I’m commonly asked if I’m comfortable when I get on stage these days. I’m still nervous. The nerves never really go away. You just learn how to manage them. Breath. Have Fun! Your effectiveness as a speaker is not dependent on what the audience thinks about you. Your goal is to deliver the message you were sent to give; that’s it.
--Cornelius Lindsey, corneliuslindsey.com
The best thing you can do if you feel nervous about public speaking is to recognize the value of your voice. It's important to have a holistic approach to getting yourself ready for a speaking event (or moment). Before planning out what you're going to say, you need to get clear about what the opportunity means to you on a personal level. Why have you agreed to do this? How does this task intersect with the bigger trajectory of your life? Why is your perspective needed in this way? Even for something that seems obvious, like a business pitch or wedding toast, you need to have a reason to speak, share, and do something that takes you out of your comfort zone. When there's a deeper purpose at work, it's easier to shift nerves into excitement, commitment, and even passion.
--Malika Williams, The Center for Women's Voice
Audiences probably care more about the story you just told than the pie chart on the screen behind you. Because they are more likely to remember and share the stories you tell them. Instead of stats and figures, you pack your slides, you should make your presentation personal, and remind them that you’re human.
--Shiv Gupta, Incrementors
Whoever said picture everybody naked was trying to sabotage you! I say, picture everybody with their clothes ON, staring right at you and not smiling. I'm serious! We tell all our clients, picture the worst possible thing. Hey, even picture somebody booing you. Now prepare your speech. Prepare what you would say to make that non smiling crowd laugh. Picture what you would say to the people booing. Picture it in your head...for hours and hours. Play it on repeat. Because the truth of the matter is that public speaking is very simple if you are prepared. If you know your material and you are crystal clear on exactly what you are going to say, nothing (not even a bad crowd) can make you veer off course. It's a little cliche, but practice does make perfect. Practice can put your nerves at bay and make your confidence soar. For many people, public speaking is no fun, but picturing the worst case and how you would get through it works. Of course, knowing your audience, knowing your crowd, and making sure you are practicing good material is vital, but the key is repetition over and over. Try it next time!
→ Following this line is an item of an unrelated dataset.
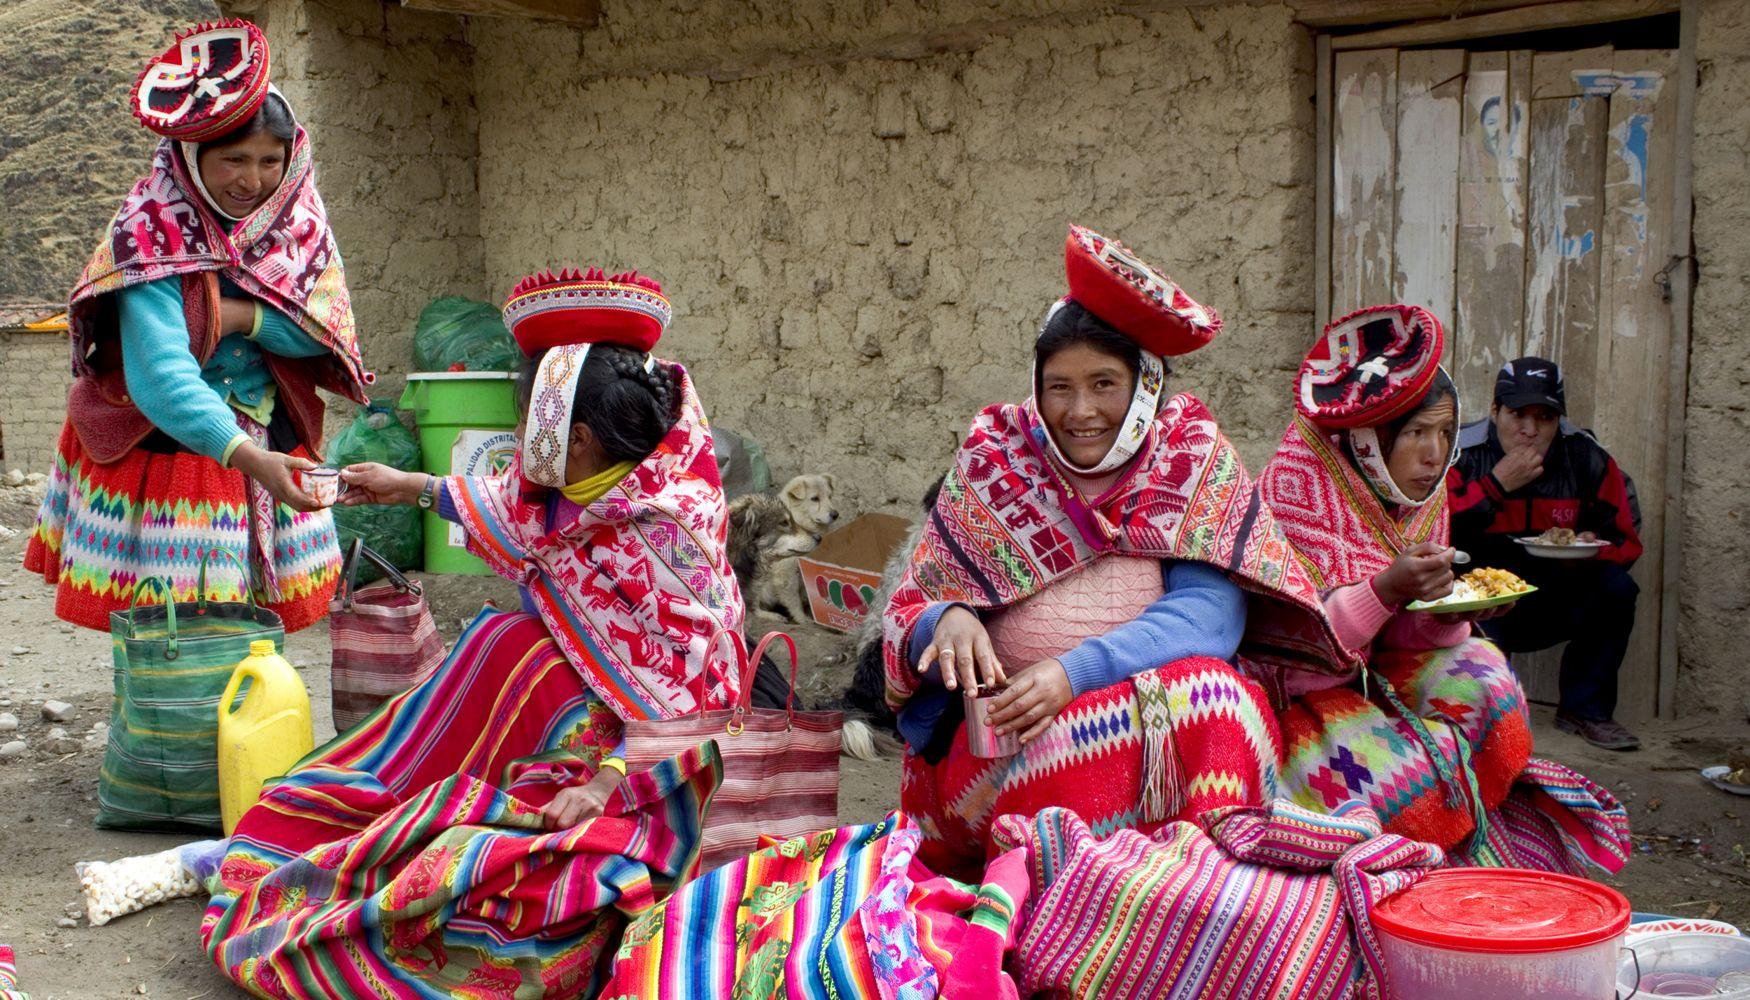 Market day, Sacred Valley, Peru
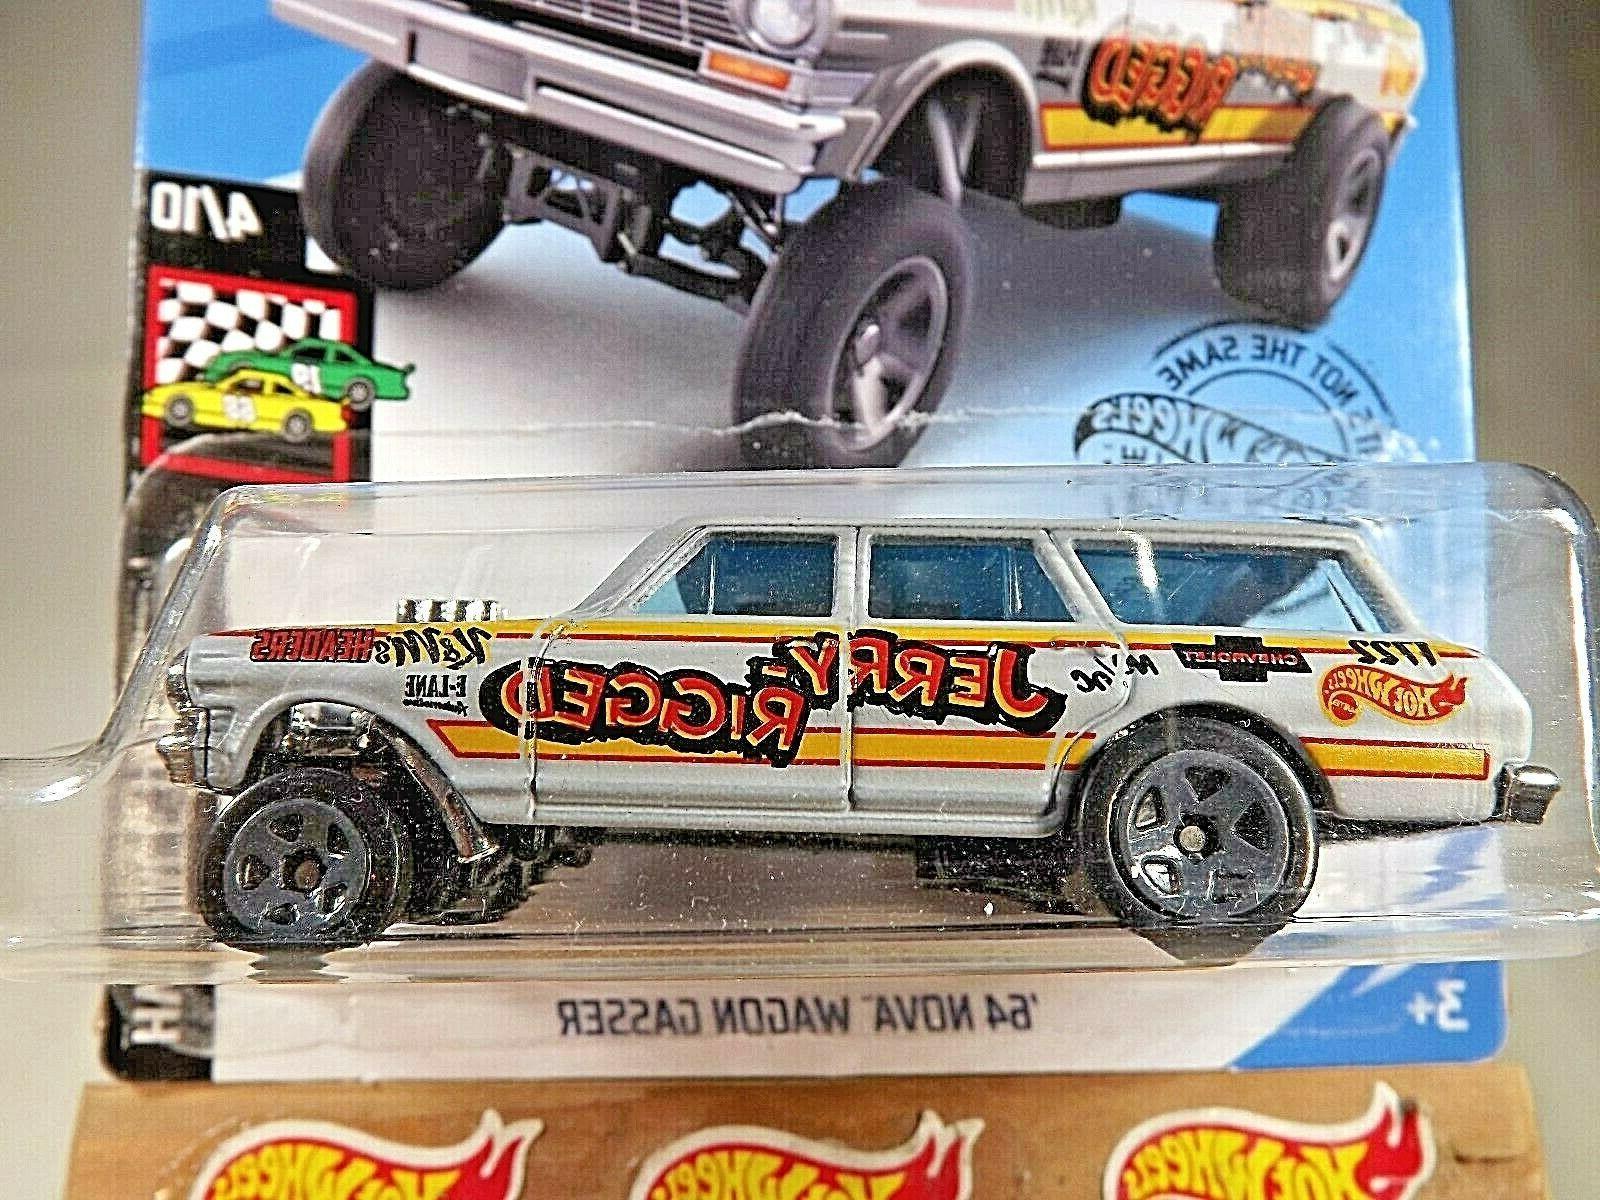 2019 Wheels #198 HW Race Day '64 NOVA WAGON Jerry Rigged Gray Variant

--Emily Pantelides, Pantelides PR
When we are nervous, it’s natural to become self-conscious and to focus on how we look and sound. We aim the camera towards ourselves and pay attention to every fault.
I coach my clients to write out a sentence that declares the following: “I want to (active verb of your choice) my audience.” For example, “I want to convince my audience that this is the best plan.” Or, “I want to inspire my audience to take action.”
By focusing on WHY you are presenting, by focusing on your INTENTION, the camera turns away from you and onto them. It becomes much more difficult to be nervous because you are actively pursuing an action. You have something to do other than focus on yourself.
--Jenni Steck, jennisteck.com
1. Know your content inside and out, and ensure it is hyper-relevant and important to your audience.
2. Make sure to pace the room and get the audience involved in your presentation. Audience engagement is key.
3. Make eye contact with participants in the audience.
4. Ask if anyone has questions periodically throughout your presentation, and try to make it conversational.
5. Practice the speech 4-5x in front of a mirror. This will help to get the kinks out and allow you to feel more comfortable when doing it live.